Waiting for many things at once with io_uring

ashvardanian | 118 points

io_uring and Linux's many different types of file descriptors are great. I mean, I personally think that the explicit large API surface of WinNT is kinda nicer than jamming a bunch of weird functionality into files and file descriptors like Linux, but when things work, they do show some nice advantages of unifying everything to some framework, ill-fitting as it may sometimes be (Though now that I say this, it's not like WinNT Objects are really any different here, they just offer more advanced baseline functionality like ACLs). io_uring and it's ability to tie together a lot of pre-existing things in new ways is pretty cool. UNIX never really had a story for async operations, something I will not fault an OS designed 50 years ago for. However, still not having a decent story for async operations today is harder to excuse. I've been excited to learn about io_uring. I've learned a lot listening to conference talk recordings about it. While it has its issues (like the many times it (semi-?)accidentally bypassed security subsystems...) it has some really cool and substantial benefits.
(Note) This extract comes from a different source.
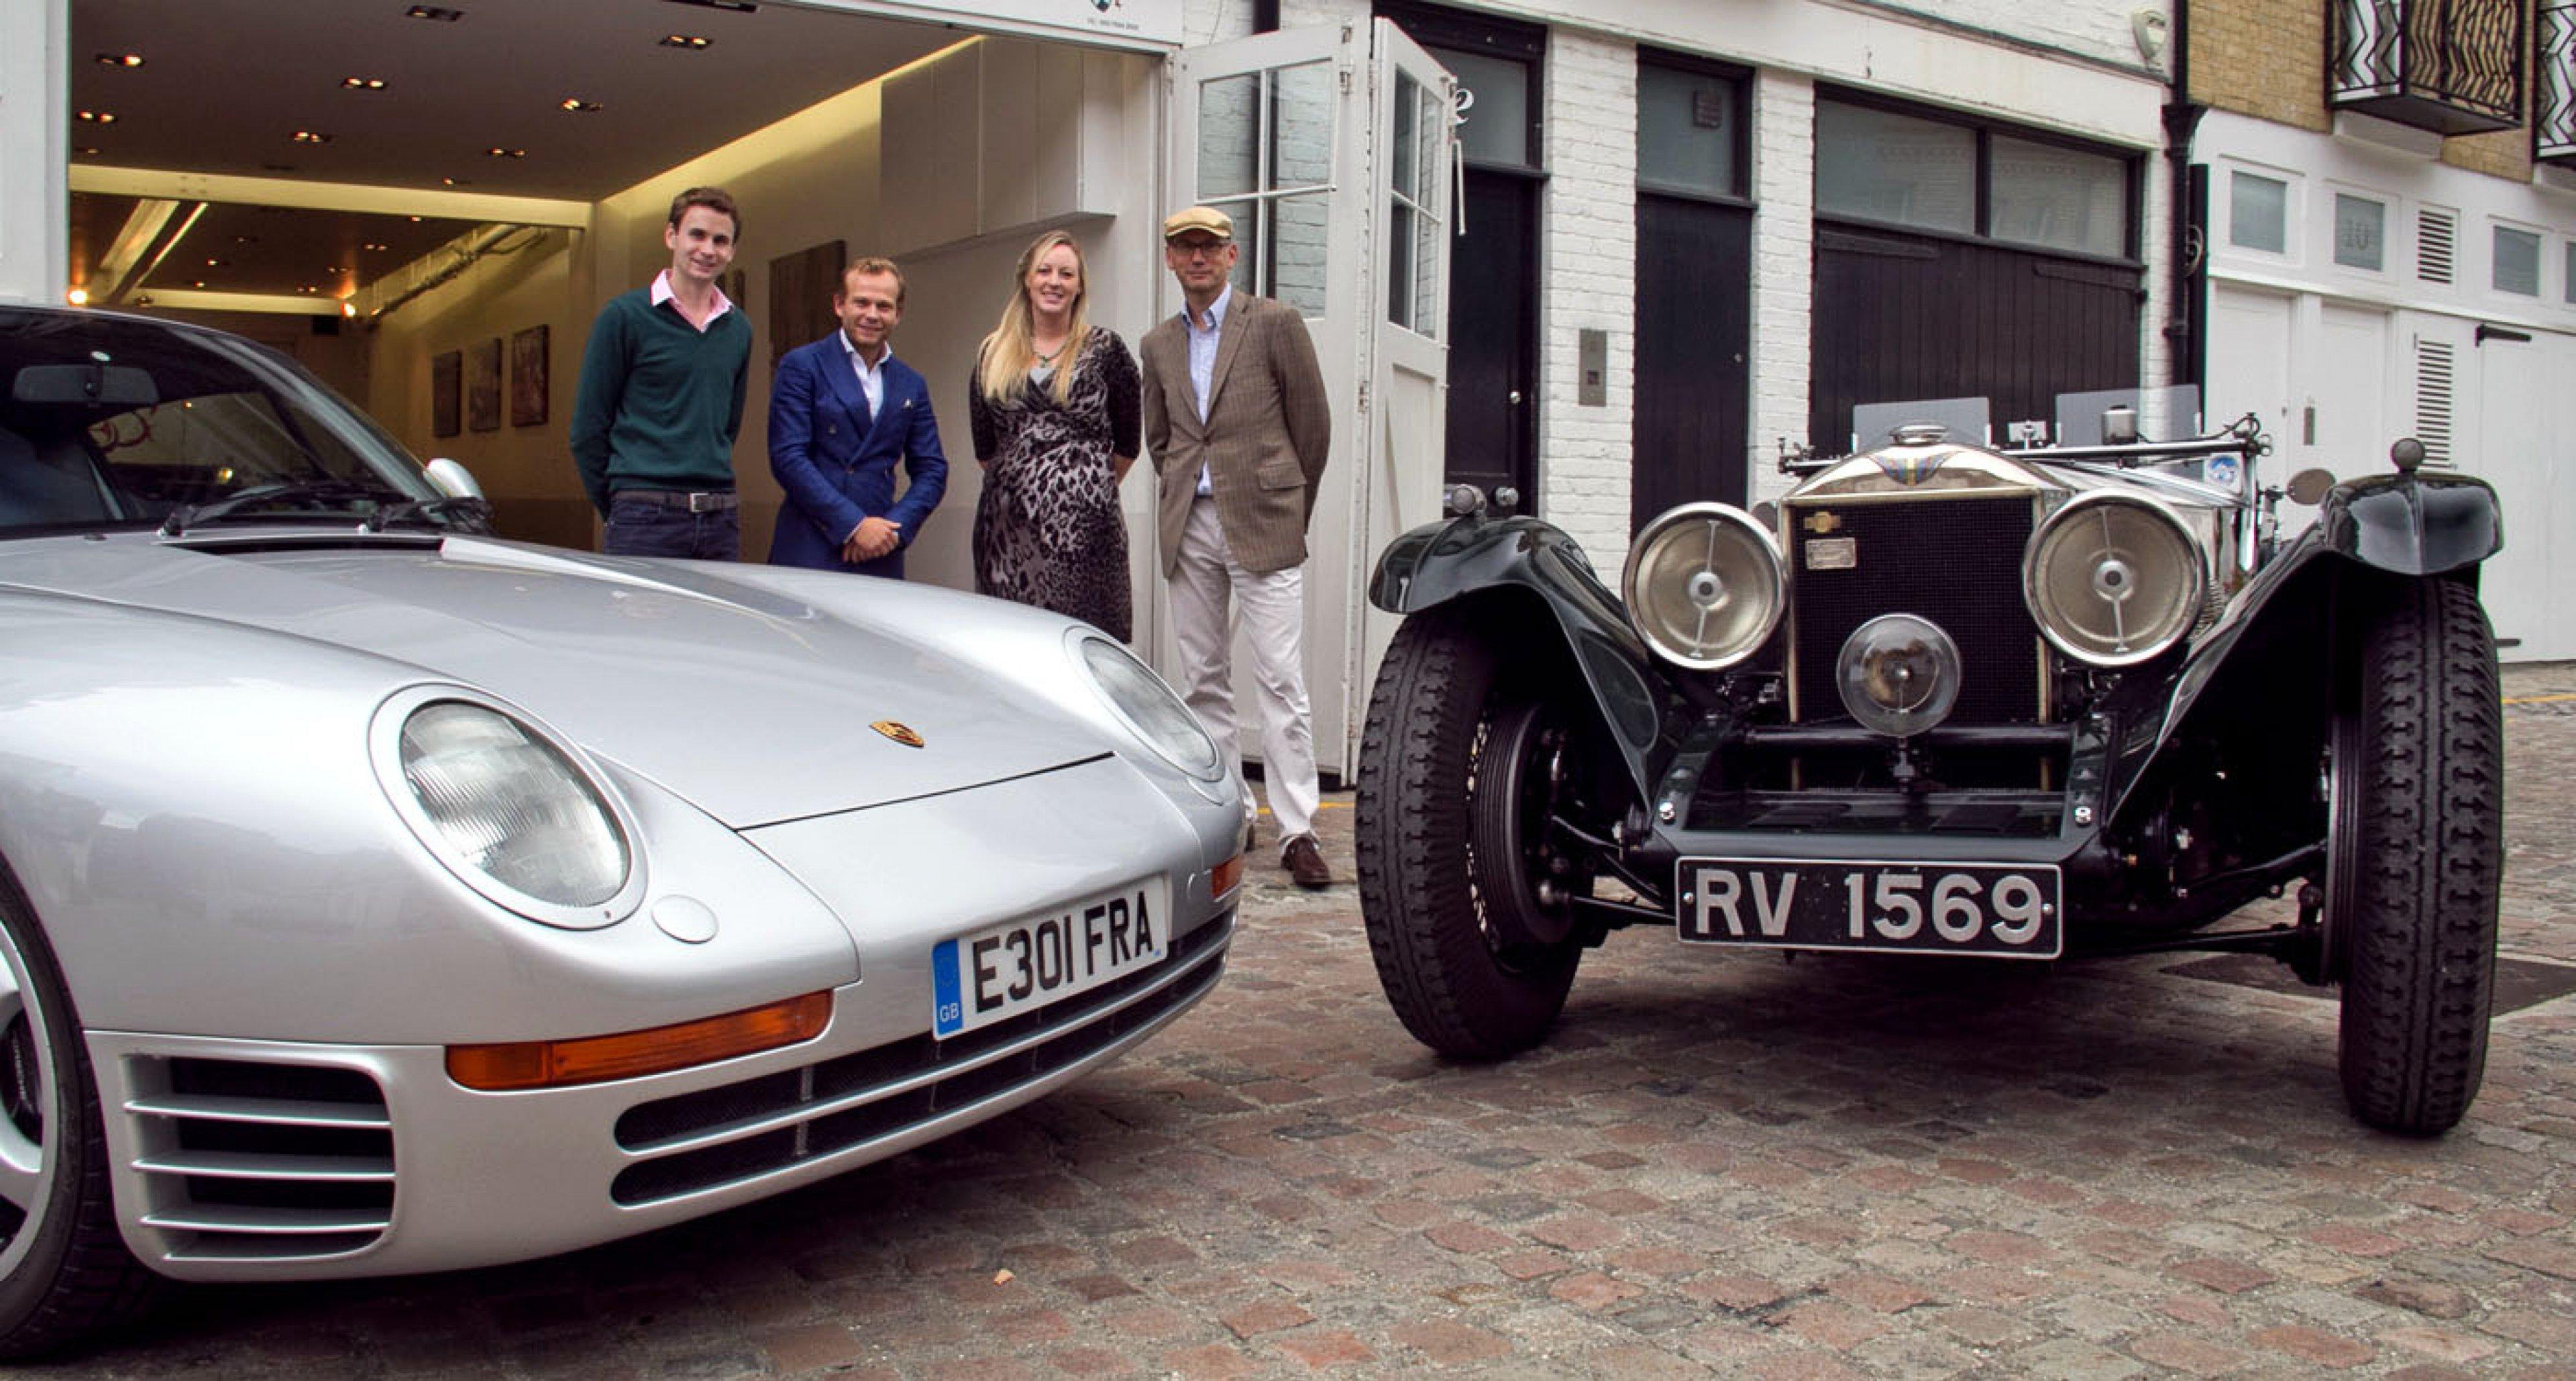 The Fiskens Team (L-R): Rory Henderson, Dylan Miles, Sophie Dawes and Gregor Fisken

I'll tell you what I would love to see next: a successor to inotify that does not involve opening one zillion file descriptors to watch a recursive subtree. I'm sure there are valid reasons why it's not easy to just make it happen, but it feels like it will be a major improvement in a lot of use cases. And in many cases, it would probably fix the dreaded problem of users needing to fight against ulimits, especially in text editors like VSCode.

I don't have anything of great substance to say about the actual subject of the article. It feels a bit late to finally get this functionality proper in Linux after NT had it basically forever, but any improvement is welcome. Next time I'm doing something where I want to wait on a bunch of FDs I will have to try this approach.

jchw | 3 days ago

Wikipedia:

> In June 2023, Google's security team reported that 60% of the exploits submitted to their bug bounty program in 2022 were exploits of the Linux kernel's io_uring vulnerabilities. As a result, io_uring was disabled for apps in Android, and disabled entirely in ChromeOS as well as Google servers.[11] Docker also consequently disabled io_uring from their default seccomp profile.[12]

Root privilege CVE from earlier this year (2024): https://nvd.nist.gov/vuln/detail/CVE-2024-0582

KerrAvon | 3 days ago

It took me many io_uring hello world articles to find out it's not really used in production (ex. Android and ChromeOS both disable it) because it was, and continues to be, a source of an absolutely bonkers outsized # of security issues.

I don't remember much more than that*, but just dropping it here because I learned a ton more from reading about that, than my Nth io_uring article.

* for example, the article mentioning relevant buffers are shared with the system made me want to say "aHA, yes, that's what the security articles said was a core issue!" -- but I can't actually remember with 100% confidence

refulgentis | 3 days ago

Discussion thread in the Erlang community proposing implementing io_uring for BEAM, security issues, and a digression comparing it to FreeBSD's kqueues

https://erlangforums.com/t/erlang-io-uring-support/765/18?pa...

hosh | 3 days ago

Some of the things that you cannot wait on using io_uring are your kernel actually supporting the feature mentioned in the article, io_uring actually working properly, and io_uring solving its seemingly bottomless supply of local user exploits. In the early days of this feature I was bullish but the way its implementation has emitted CVEs has not been a source of joy, and now many major Linux operators have banned the API internally. Maybe what is needed is a moment of reflection and a scratch reimplementation that learns the lessons of io_uring?

jeffbee | 3 days ago

Surprisingly, I only came across Francesco's blog this month. I stumbled upon the 2021 post "Speeding up atan2f by 50x" while searching for others who have to reimplement trigonometry in SIMD every other year. I've also enjoyed "Beating the L1 cache with value speculation" from the same year, as well as the 2013 Agda sorting example.

Highly recommend checking it out: https://mazzo.li/archive.html

ashvardanian | 3 days ago

When I needed something similar to that for older Linux kernels, I have used primitives based on file descriptors (eventfd for manually reset events, pidfd_open to wait for completion of processes, mq_open for sending messages), and poll() to wait for multiple things with one system call.

Const-me | 2 days ago

Very interesting, but unfortunate there is no example program. I guess that is left as exercise for reader, but it's a bit daunting for a non systems programmer.

4hg4ufxhy | 3 days ago

It's a shame io_uring is proving to be such a disappointment. It's been over two decades now that Linux has been trying to catch up with the NT Kernel's IO Completion Ports and we're still not there.

On the plus side, this submission somehow reminded me about ACE[1], which is where I first came across the Proactor[2]/Reactor distinction. Good times!

[1] https://www.dre.vanderbilt.edu/~schmidt/ACE.html

[2] https://www.dre.vanderbilt.edu/~schmidt/PDF/Proactor.pdf

User23 | 3 days ago

[dead]

c0detrafficker | 3 days ago